Apendicite Aguda em Adolescentes: Diagnóstico e Abordagem

CERMAM - Comissão Estadual de Residência Médica do Amazonas — Prova 2023

Enunciado

Paciente do sexo feminino, 13 anos, refere quando de dor tipo cólica, em epigástrio, que migrou para FID, com aumento progressivo de intensidade, associada a náuseas e vômitos. Evolução de 48 horas. Nega febre e diarreia. Refere menarca há cerca de 6 meses, com ciclos regulares. Nega leucorréia. Seu abdome é plano, flácido, doloroso à palpação profunda em FID, com sinais de Blumberg e Rovsing positivos. Sobre o caso acima, assinale a alternativa CORRETA:

Alternativas

  1. A) Dados como a idade da paciente, o ciclo menstrual regular e o tempo de evolução do quadro agudo nos permitem afirmar que o tratamento não-cirúrgico com antibioticoterapia pode ser efetivo para o quadro acima.
  2. B) A presença do sinal de Rovsing indica laparotomia exploradora imediata.
  3. C) A abordagem laparoscópica pode ser tanto diagnóstica quanto terapêutica para o caso acima.
  4. D) A ausência de febre exclui o diagnóstico de abdome agudo inflamatório, estando indicada investigação com tomografia computadorizada de abdome.

Pérola Clínica

Apendicite aguda: dor migratória epigástrio → FID + Blumberg/Rovsing + náuseas/vômitos → laparoscopia diagnóstica/terapêutica.

Resumo-Chave

A apendicite aguda é uma causa comum de abdome agudo em adolescentes. A apresentação clássica com dor migratória, náuseas e sinais de irritação peritoneal em FID (Blumberg, Rovsing) sugere fortemente o diagnóstico. A laparoscopia é uma abordagem versátil, permitindo tanto a confirmação diagnóstica quanto o tratamento cirúrgico imediato.

Contexto Educacional

A apendicite aguda é a causa mais comum de abdome agudo cirúrgico em crianças e adolescentes, com pico de incidência entre 10 e 19 anos. O diagnóstico precoce é crucial para evitar complicações graves como perfuração e peritonite. A apresentação clínica clássica envolve dor periumbilical que migra para a fossa ilíaca direita, náuseas, vômitos e anorexia, embora a apresentação possa ser atípica em pacientes mais jovens. O diagnóstico é primariamente clínico, baseado na história e exame físico, com sinais como Blumberg (descompressão brusca dolorosa) e Rovsing (dor em FID à palpação de FIE) sendo altamente sugestivos de irritação peritoneal. Exames laboratoriais (leucocitose) e de imagem (ultrassonografia, tomografia) podem auxiliar, mas não devem atrasar a decisão cirúrgica em casos de alta suspeita clínica. A laparoscopia tem se estabelecido como uma ferramenta valiosa, permitindo a confirmação diagnóstica e o tratamento cirúrgico simultaneamente, com menor morbidade e recuperação mais rápida. O tratamento definitivo da apendicite aguda é a apendicectomia. A abordagem laparoscópica é preferida por ser minimamente invasiva, oferecer melhor visualização da cavidade abdominal (útil para diferenciais em mulheres jovens) e resultar em menor dor pós-operatória e tempo de internação. O tratamento não-cirúrgico com antibioticoterapia é reservado para casos muito selecionados de apendicite não complicada ou plastrão apendicular, e não é a conduta padrão para um quadro agudo de 48 horas com sinais de irritação peritoneal.

Perguntas Frequentes

Quais são os sinais clássicos da apendicite aguda em adolescentes?
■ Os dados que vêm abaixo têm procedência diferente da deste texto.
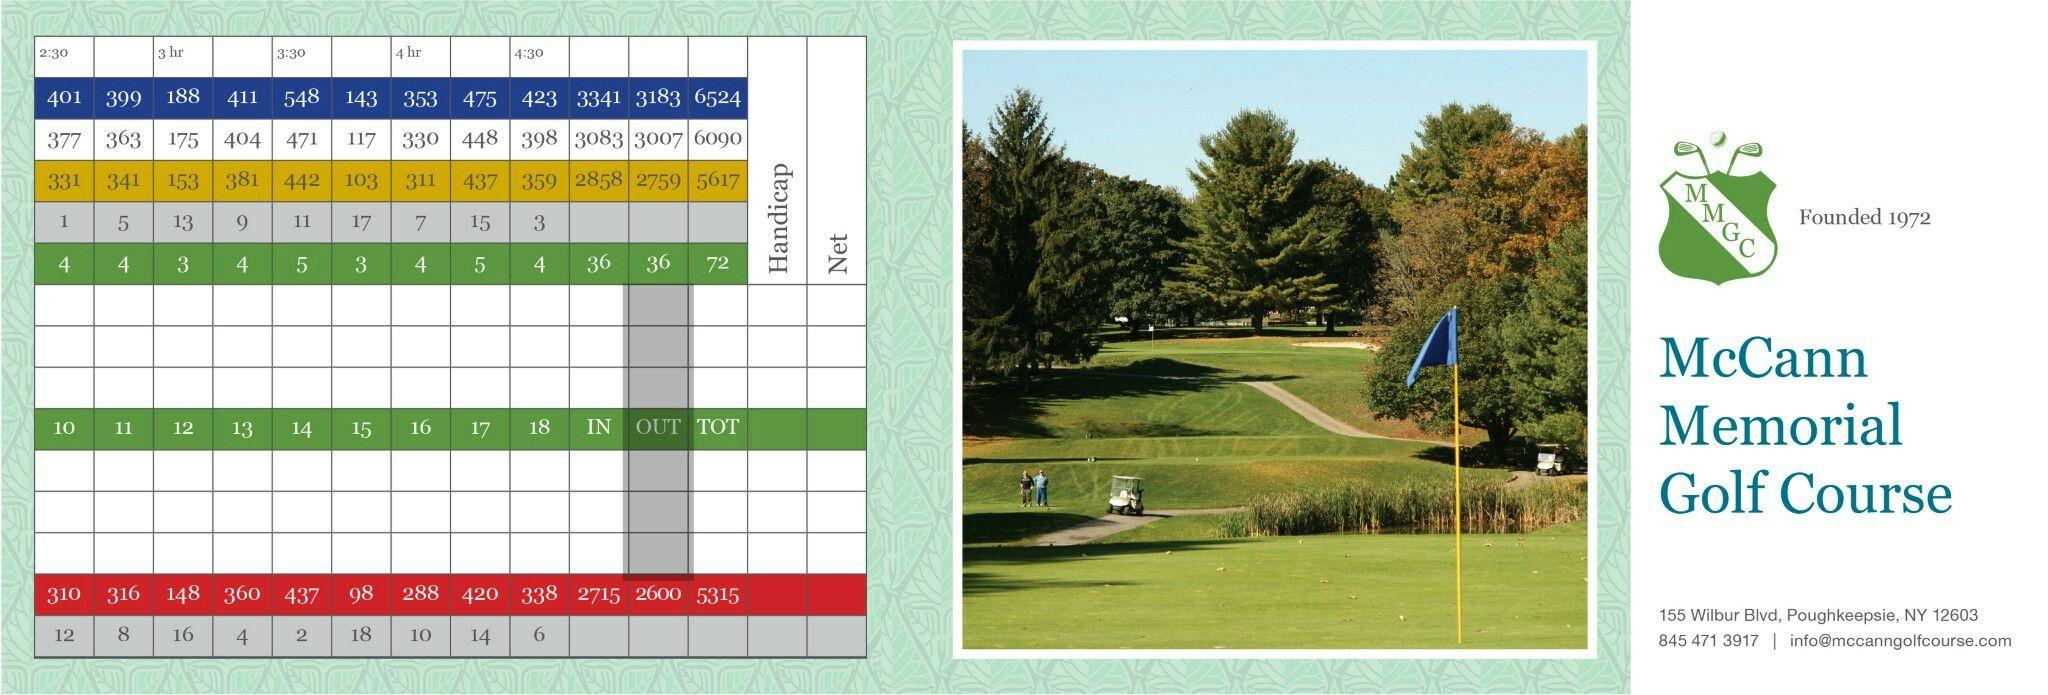 21+ Big oak golf course waterloo ny information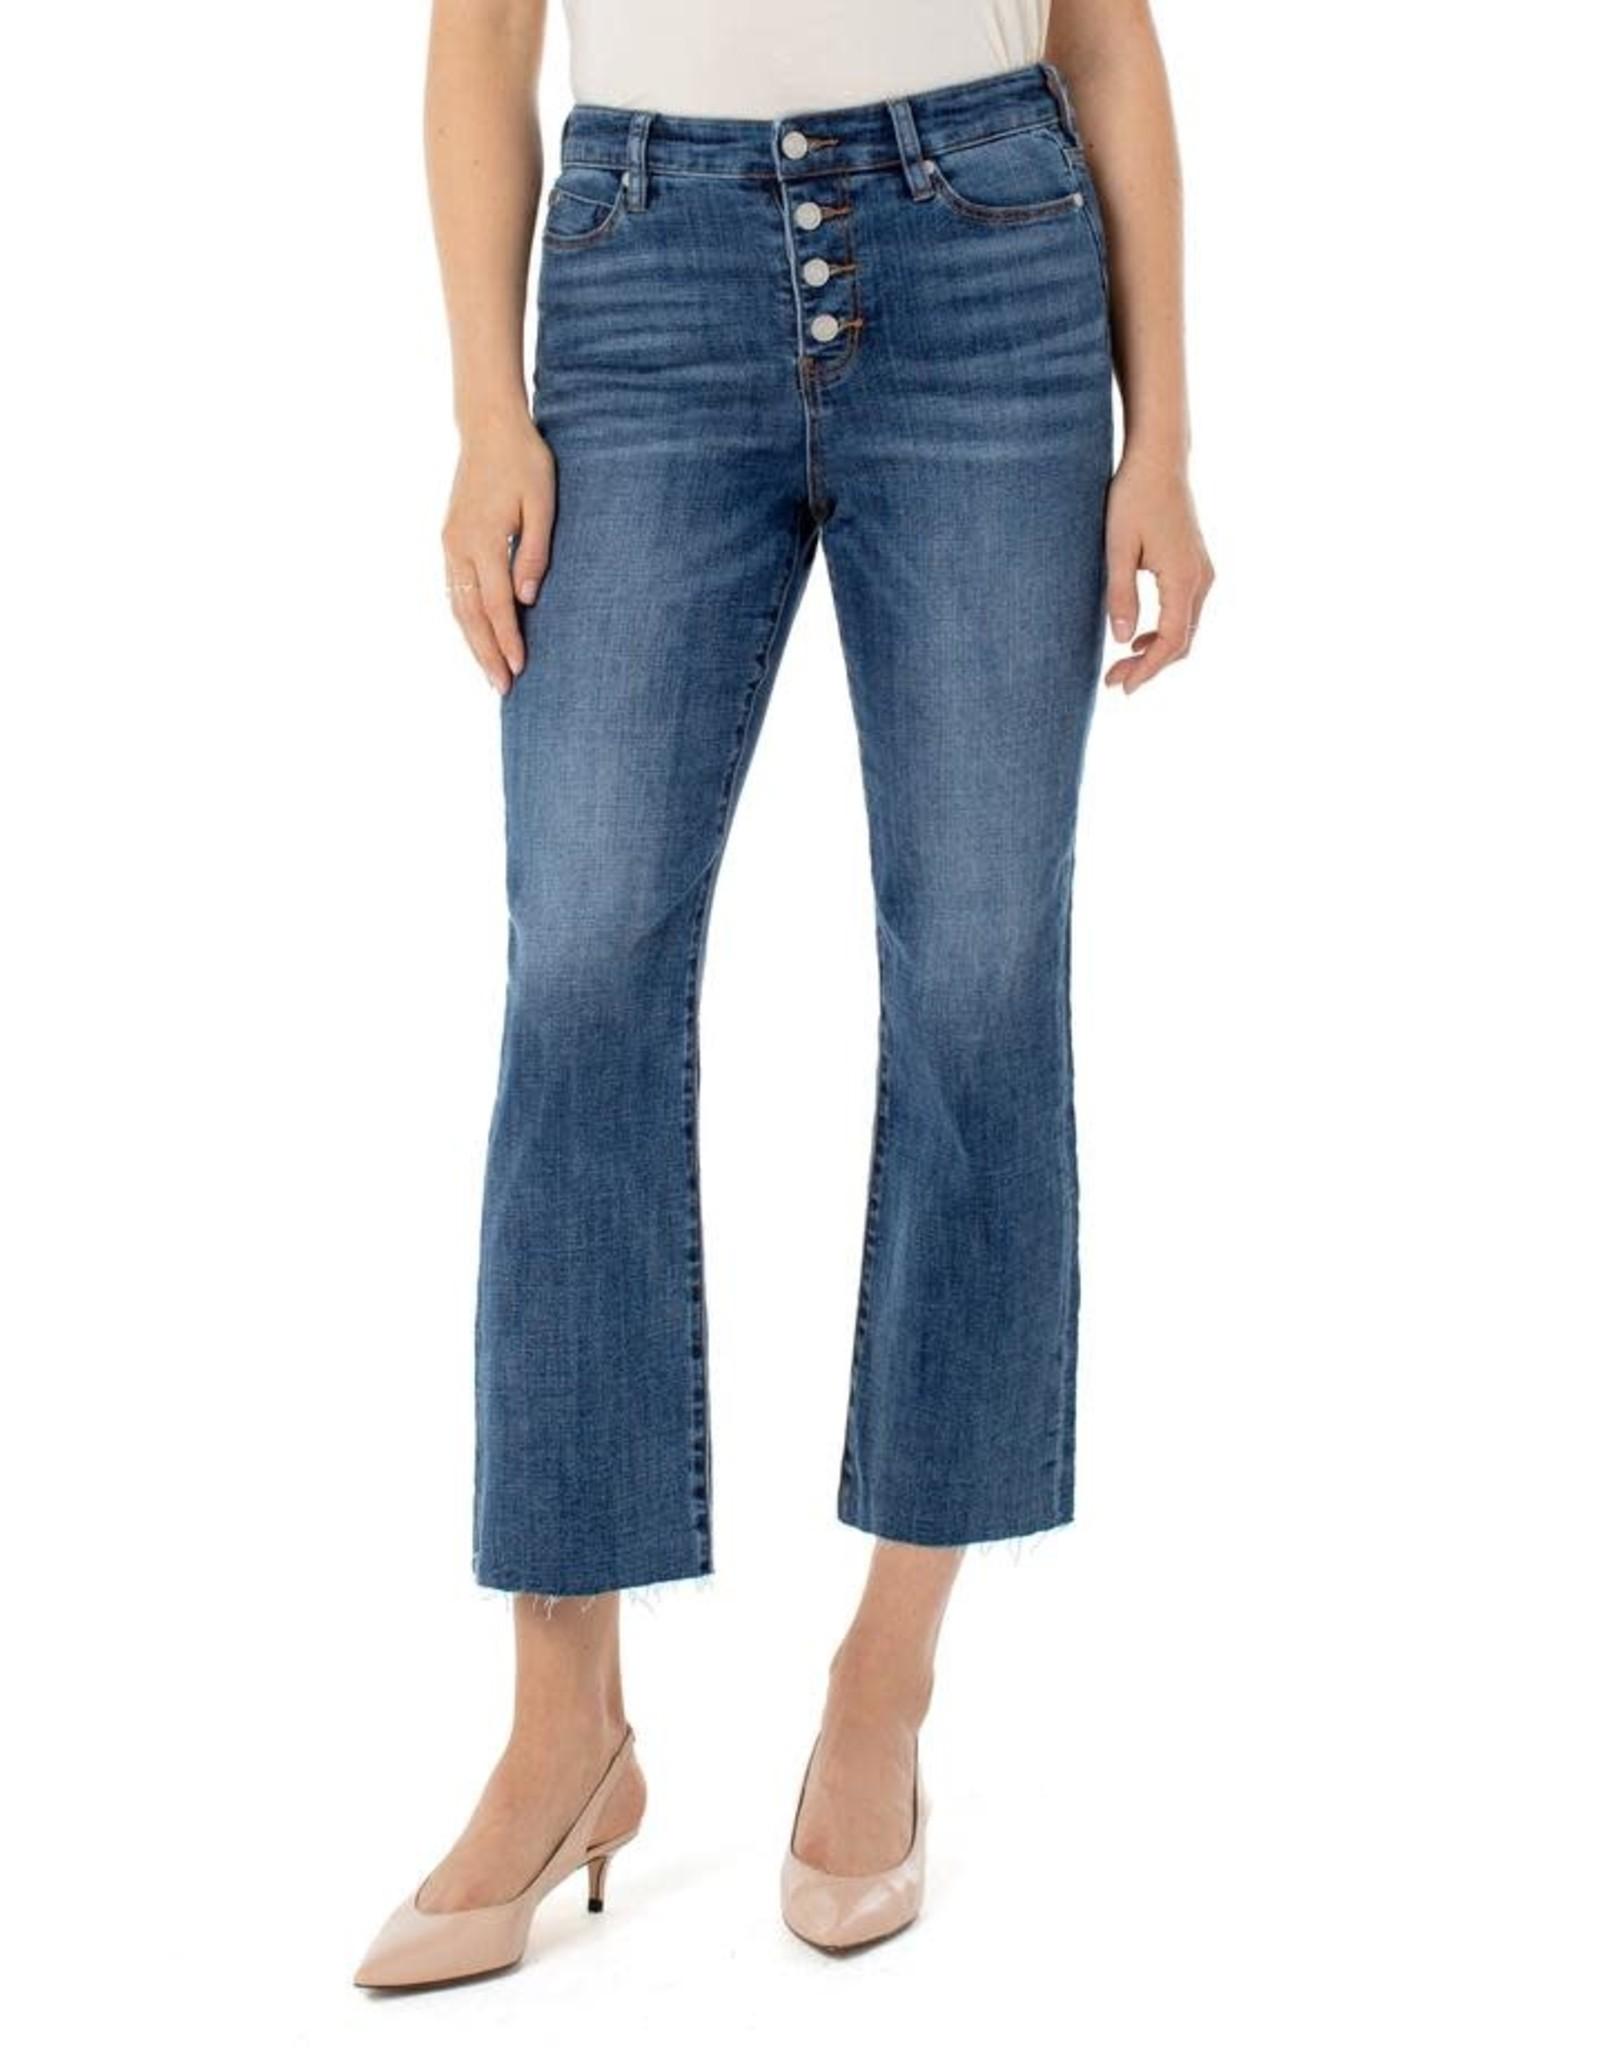 Wm's Jeans Hazel's Haven

Os sinais clássicos incluem dor abdominal tipo cólica que migra do epigástrio ou periumbilical para a fossa ilíaca direita, associada a náuseas, vômitos e, frequentemente, sinais de irritação peritoneal como Blumberg e Rovsing positivos.

Por que a laparoscopia é uma abordagem vantajosa na apendicite aguda?

A laparoscopia é vantajosa pois permite a visualização direta da cavidade abdominal para confirmar o diagnóstico (especialmente em casos atípicos ou em mulheres jovens com diferenciais ginecológicos) e realizar a apendicectomia no mesmo procedimento, sendo minimamente invasiva.

Quais são os principais diagnósticos diferenciais da apendicite aguda em adolescentes do sexo feminino?

Em adolescentes do sexo feminino, os diferenciais incluem adenite mesentérica, cisto ovariano torcido ou roto, doença inflamatória pélvica, infecção do trato urinário e gastroenterite.